Like so much of the last two weeks, though, breastfeeding has not gone according to any kind of plan. By the time the staff handed me a Stoatling in the hospital, it was almost two whole hours after he was born and the shakes had just barely worn off for me. All I could think about was getting something to drink -- I told the nurse I was ready to drink the ultrasound gel they had in the recovery room, I was that damned thirsty. I wasn't thinking about the "first gaze" moment (Daddy Stoat had that honor), "skin-to-skin" or feeding anything. I'd just been sliced open to have a major organ and seven pounds of baby removed, then been stapled back together. Breastfeeding was emphatically not on my mind.
This being the case, Baby Stoat and I missed what is widely considered to be the golden opportunity to establish a nursing bond. About thirty minutes after birth is when the sucking reflex is strongest and that's when the baby should be, well, sucking -- instead, he was off in the nursery with Daddy while I was focusing on being stapled back together.
The hospital did try. We had a lactation consultant in twice -- even staying an extra day to make it happen -- and every nurse was convinced she would get him "on". Over four days, that was quite a few nurses who really did try, to no avail. Baby Stoat was just not latching. He dropped weight, I started frantically using a breast pump, and my life turned into an endless cycle of wash-pump-feed-wash.
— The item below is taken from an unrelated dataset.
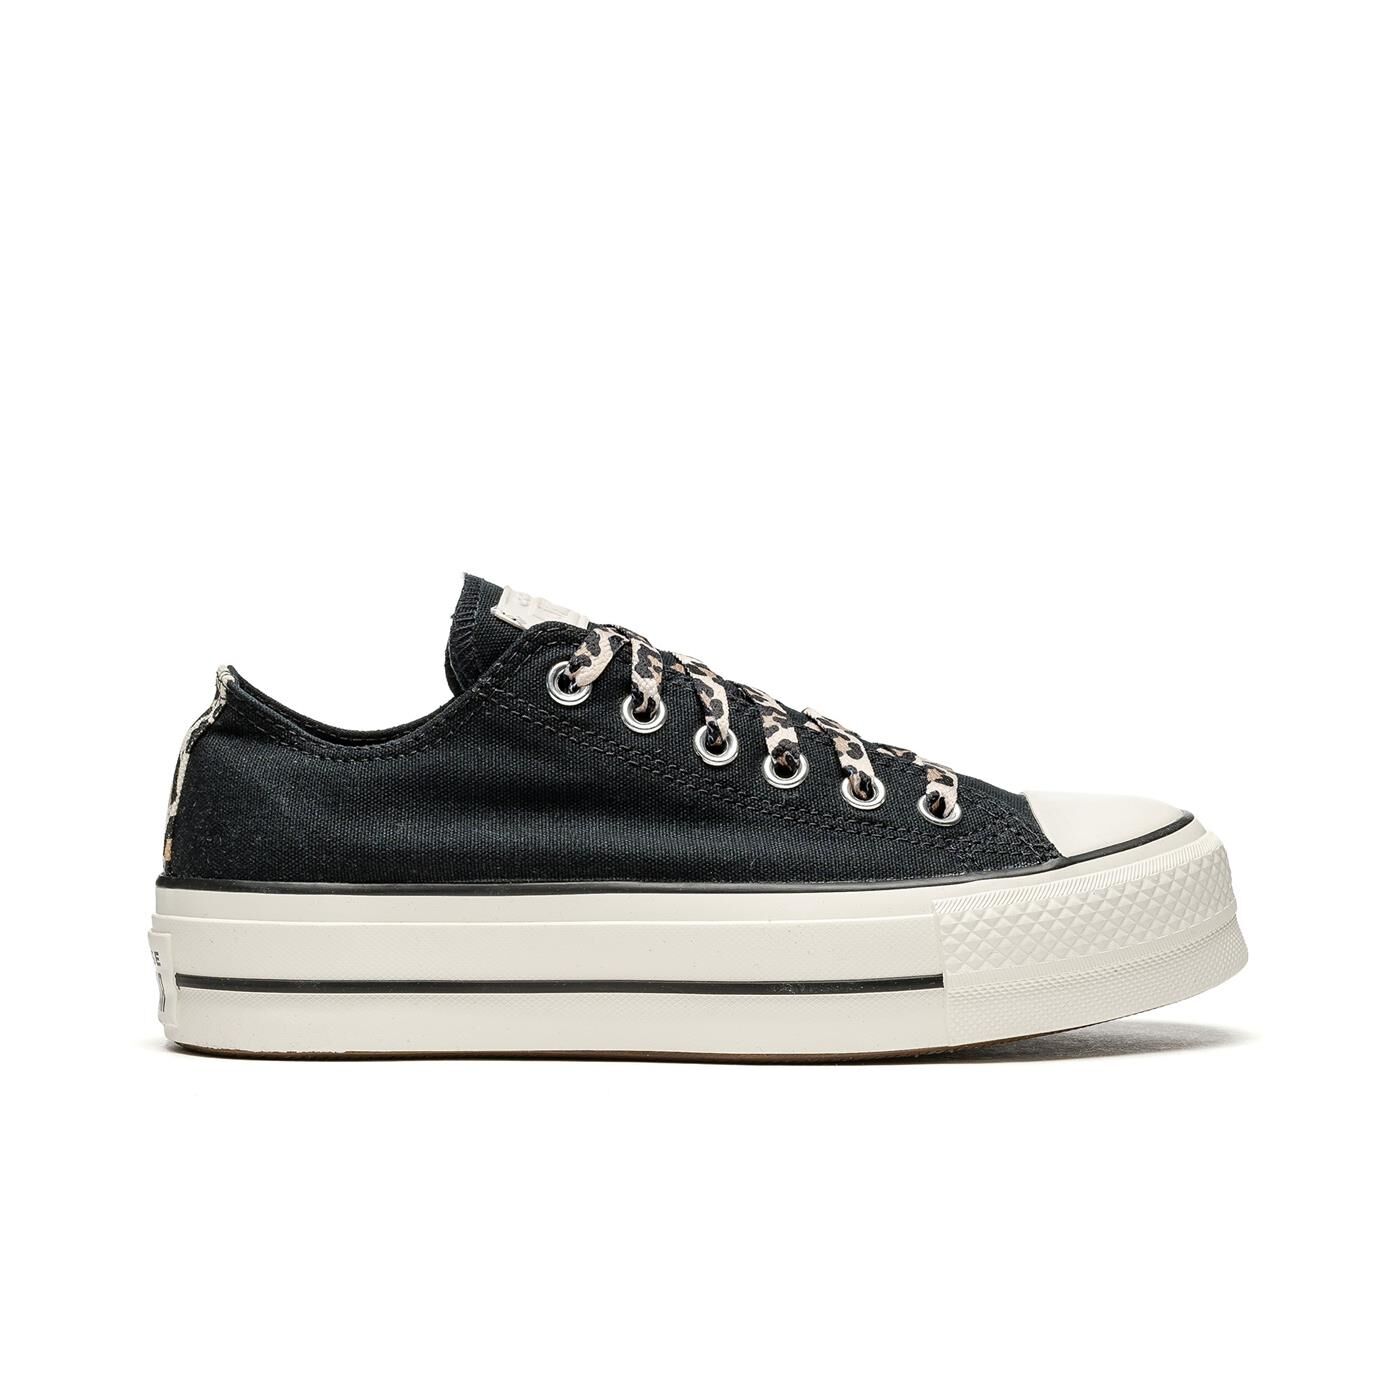 Converse Archive Print Chuck Taylor All Star Lift Ox

I will do anything to keep the Stoatling healthy, but our inability to sync up for breastfeeding just annoyed me. Surely someone, somewhere knew something about how to get around this!
I spoke with his paediatrician, who also happened to be *my* paediatrician as a child, and she gave me a list of private lactation consultants. I went home from the office that day feeling hopeful and chose a few names off of the list to call. After a few non-returned calls, a few flat out "No" answers (we do live quite a ways out from the area where we see the doctor) and admittedly scheduling a few and chickening out, my Google-fu turned up Mahala. Immediately I found the attitude on the website comforting -- I wasn't going to be made to feel guilty about pumping and bottle feeding! -- so I crossed my fingers and hoped for the best as I sent off the contact form.
Diana West called me back and I explained our situation to her over the phone, and was immediately rewarded with a definite positive vibe. I instantly felt a lot better. No way I was going to chicken out this time! If I was going to have a lactation consultant out to my house, best to have it be the woman who literally wrote the book on breast feeding.We scheduled a visit and while there were no promises of miracles, I went into it with high hopes.
When Diana showed up at our house today, I was very happy to have her get right down to business, since today is one of those days when I can barely keep up with Baby Stoat's demands -- he's wanted food every hour, on the hour -- and breast feeding at the breast would take back several hours of my own time in pumping and cleaning equipment! She assessed the baby's "suck", and I wasn't entirely surprised with the diagnosis of posterior tongue tie. Several of the nurses at the hospital thought he might be tongue tied and others didn't, so it's not a total shock to hear he has some issues with getting his tongue moving the way it needs to go. It certainly explains the behaviour at the breast -- he roots, he scores, he starts to suck and then despite the fact that by that point there is milk ALL over us (and the chair, the floor, the cats and anything else in the line of fire), he drops off and looks confused. Today's assessment showed us that this is due to his tongue's inability to carry the milk in properly -- hello, explanation! -- and that if we have his frenulum clipped (*sniff* baby's first body mod!) we may well wind up with a happily breastfeeding baby.
We did try some feeding with the nipple shield and we did get a latch, all on his own, while I was reclined on the sofa. I can't even begin to say how hopeful I feel after that! It's true he didn't take in much milk, but he did it, and if we get there once now, we can get there again in the future. Baby steps for a Baby Stoat!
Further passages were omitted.